Istio Ships Ambient Multicluster Beta and Gateway API Inference Extension

Istio dropped two big releases at KubeCon + CloudNativeCon Europe 2026: Ambient Multicluster in beta and the Gateway API Inference Extension in beta.

Ambient Multicluster Beta

Istio’s ambient mode now supports multicluster deployments, giving you cross-cluster traffic routing without sidecars. The key capabilities include:

  • Dynamic cross-cluster failover where requests automatically redirect to another cluster when a service failure is detected
  • ztunnel-to-ztunnel mTLS for zero-trust security across cluster boundaries
  • Simplified operational model compared to sidecar-based multicluster deployments

This eliminates the sidecar tax for cross-cluster traffic, a pain point that’s plagued multi-cluster Kubernetes teams for years.

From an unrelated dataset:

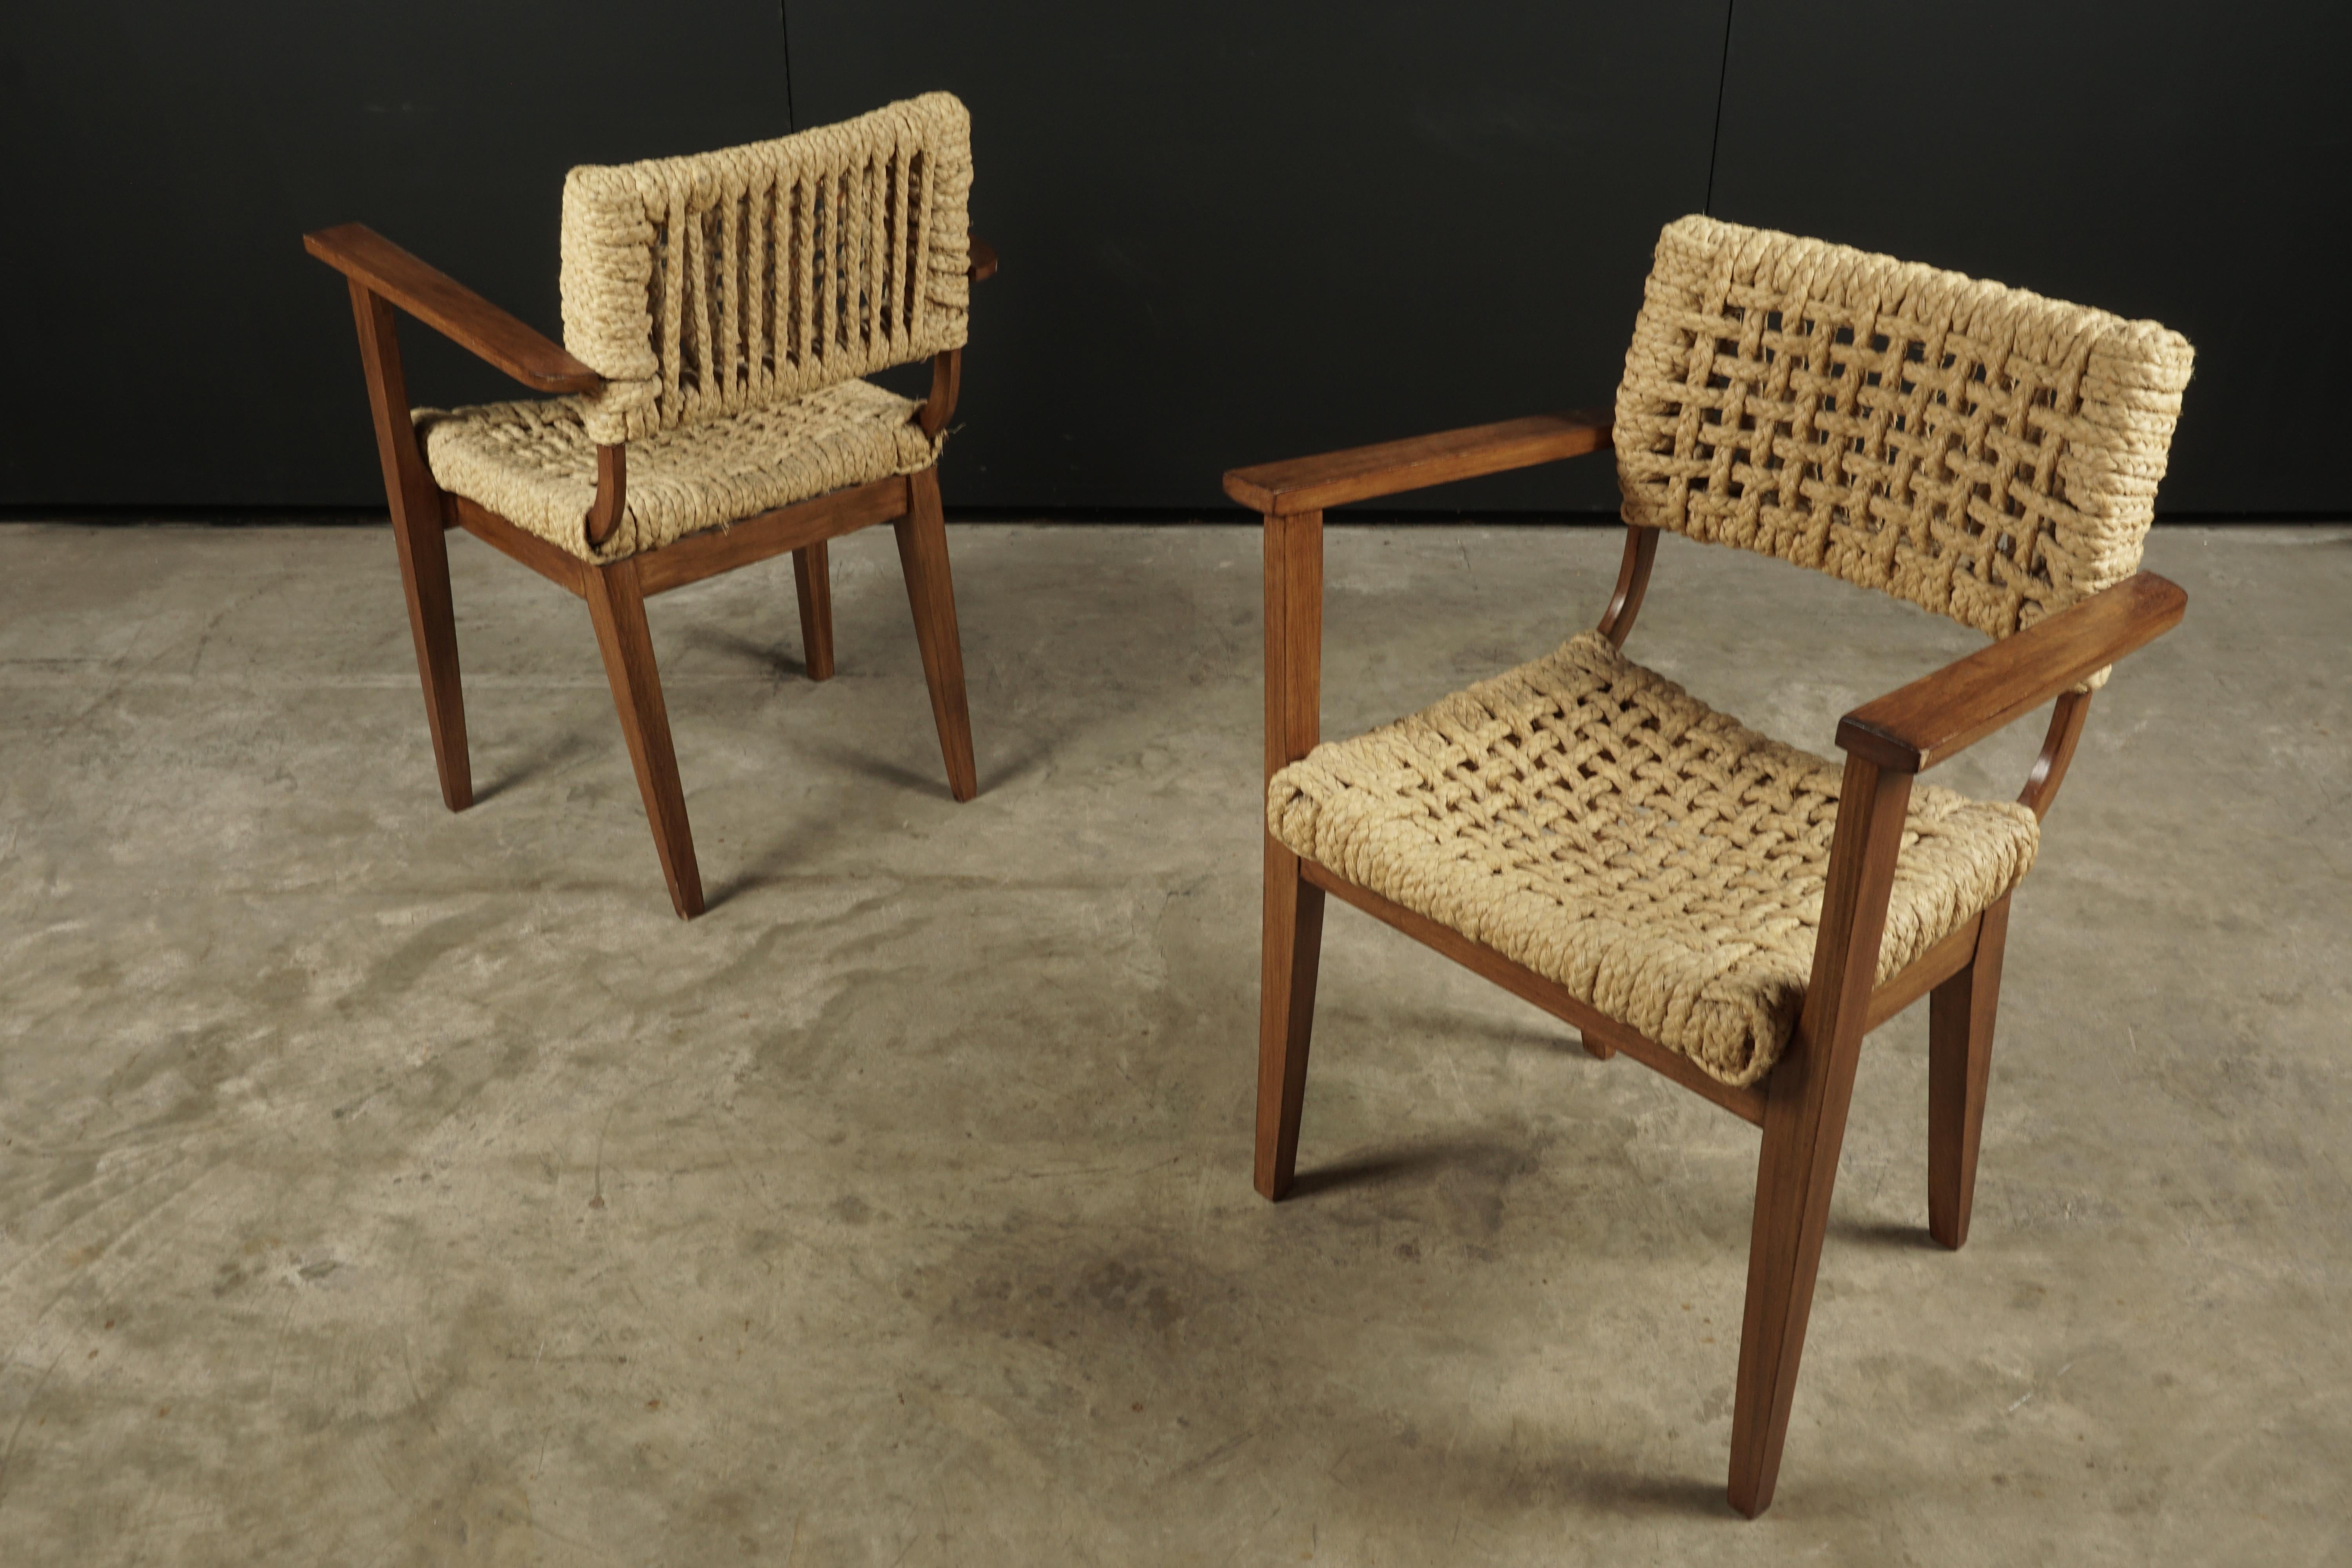 Vintage Pair of Audoux Minet armchairs from France, circa 1940. Oak frames with rope seats and backs.

Gateway API Inference Extension

Istio also integrated the Gateway API Inference Extension, which effectively turns any Istio gateway into an inference gateway. The extension adds:

  • Model-aware routing so you can route requests based on the target model
  • Per-request criticality levels to prioritize inference requests
  • Load balancing based on real-time model server metrics for better GPU utilization without manual tuning

This means platform teams can use their existing Istio service mesh infrastructure to route to LLM backends with model-aware intelligence, without deploying a separate inference proxy.

The Bigger Picture

Ambient multicluster removes the sidecar overhead for cross-cluster networking while keeping zero-trust security intact. The inference extension is equally useful: instead of bolting on a separate inference gateway, your existing mesh handles model routing natively. Two fewer things to deploy and operate.